The Diocese of Lacedaemon (Greek: Μητρόπολις Λακεδαίμονος or Λακεδαιμονίας) was a Christian ecclesiastical province in Laconia, Greece. Extant from at least the middle of the 5th century, it became a metropolis in 1083. During the period of Frankish rule, between ca. 1209 and 1278, it was held by Roman Catholic prelates, and remains a (vacant) titular see of the Catholic Church. The Greek Orthodox see was restored with the Byzantine reconquest in the 1270s, and continued until the see's abolition in 1852.
Christianity came to Laconia and its capital, Sparta, in the 1st century AD, with the first church mentioned in Sparta in ca. 150 AD. Like the rest of the Peloponnese, the Christian community of Sparta was under the jurisdiction of the See of Corinth.

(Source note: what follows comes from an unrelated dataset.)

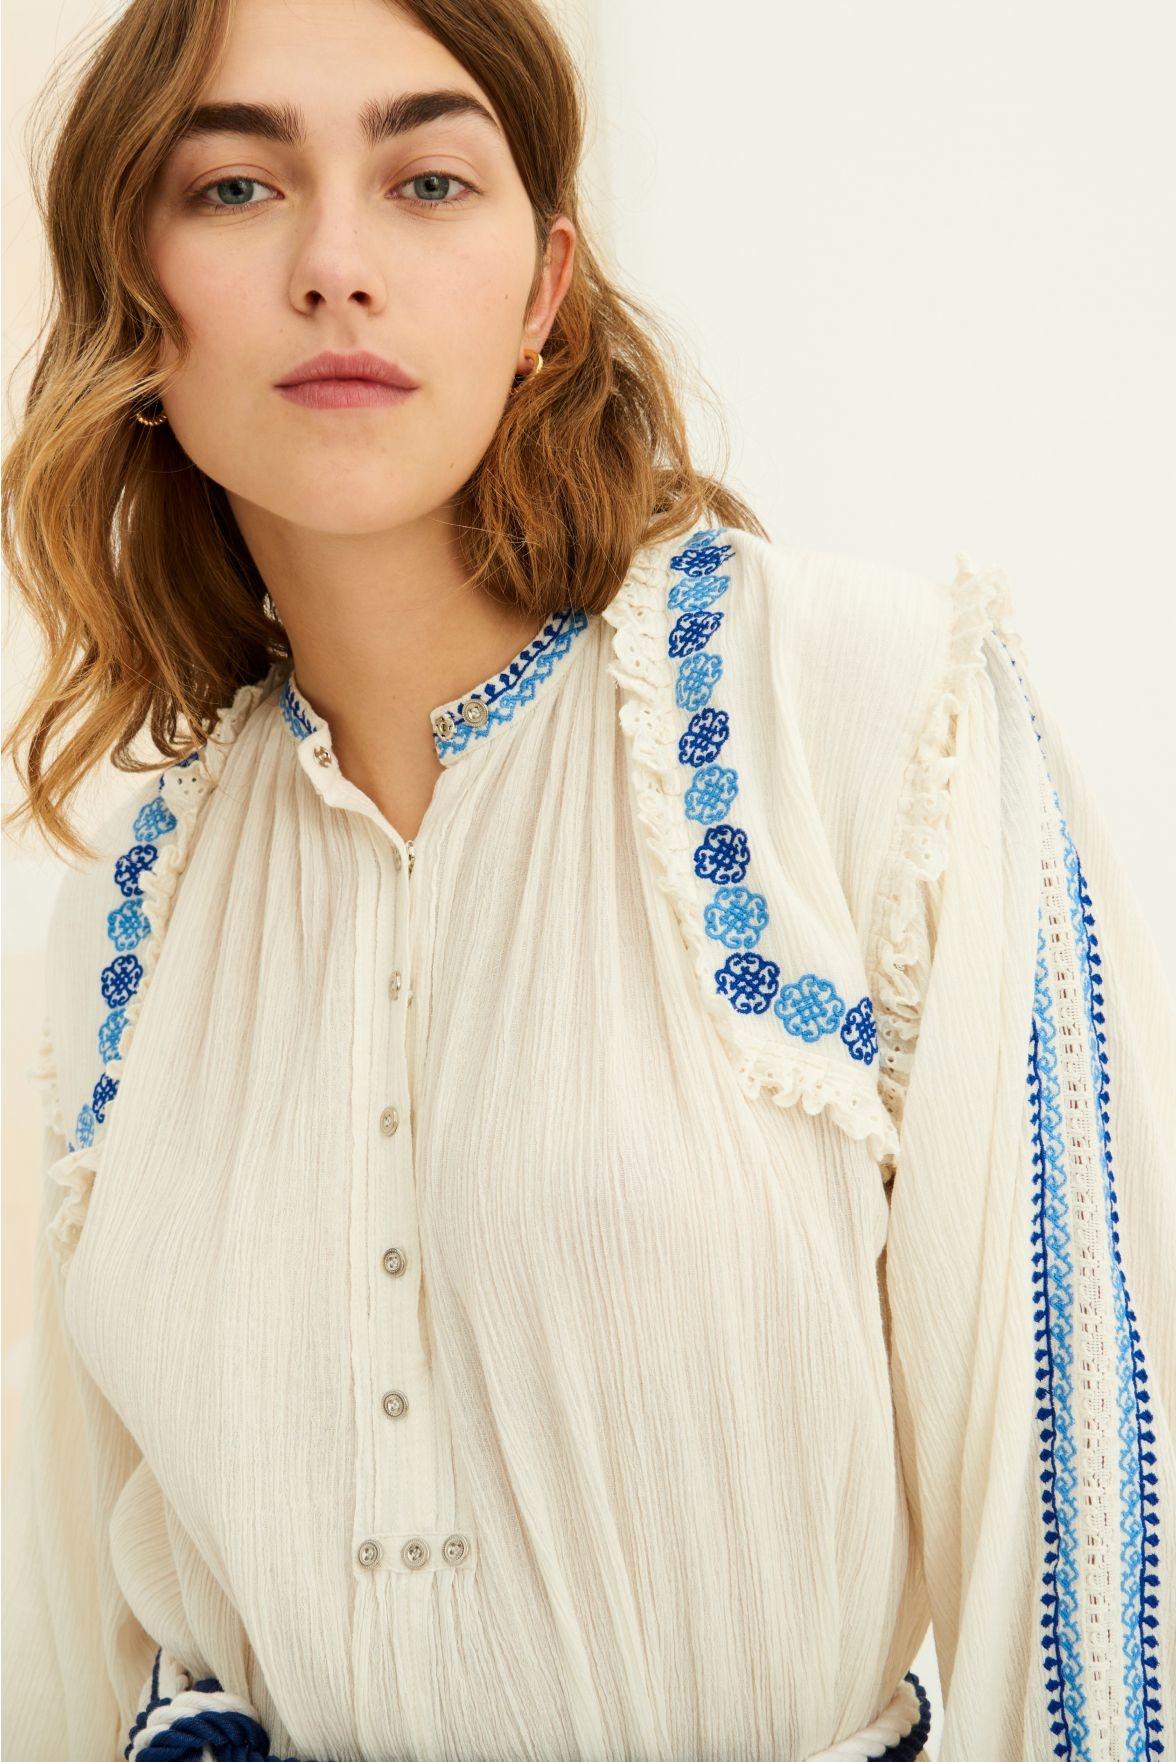 Pietro embroidered Dress white-4

A certain Hosios is the first bishop of Sparta attested, in 458; the see was called Lacedaemon , which was the common name for both Sparta and its surrounding region in Byzantine times.
The Chronicle of Monemvasia claims that the inhabitants of Sparta left their city for Sicily due to the Slavic invasions of the late 6th century, and that it was not until the early years of the 9th century that Emperor Nikephoros I (reigned 802–811) rebuilt the city and resettled it with Greek and Armenians settlers. Nevertheless, in the Sixth Ecumenical Council of 681, a Theodosios, "bishop of the city of the Lacedaemonians", participated, and a bishopric of "Lakedeon" is attested in a Notitia Episcopatuum of ca. 800.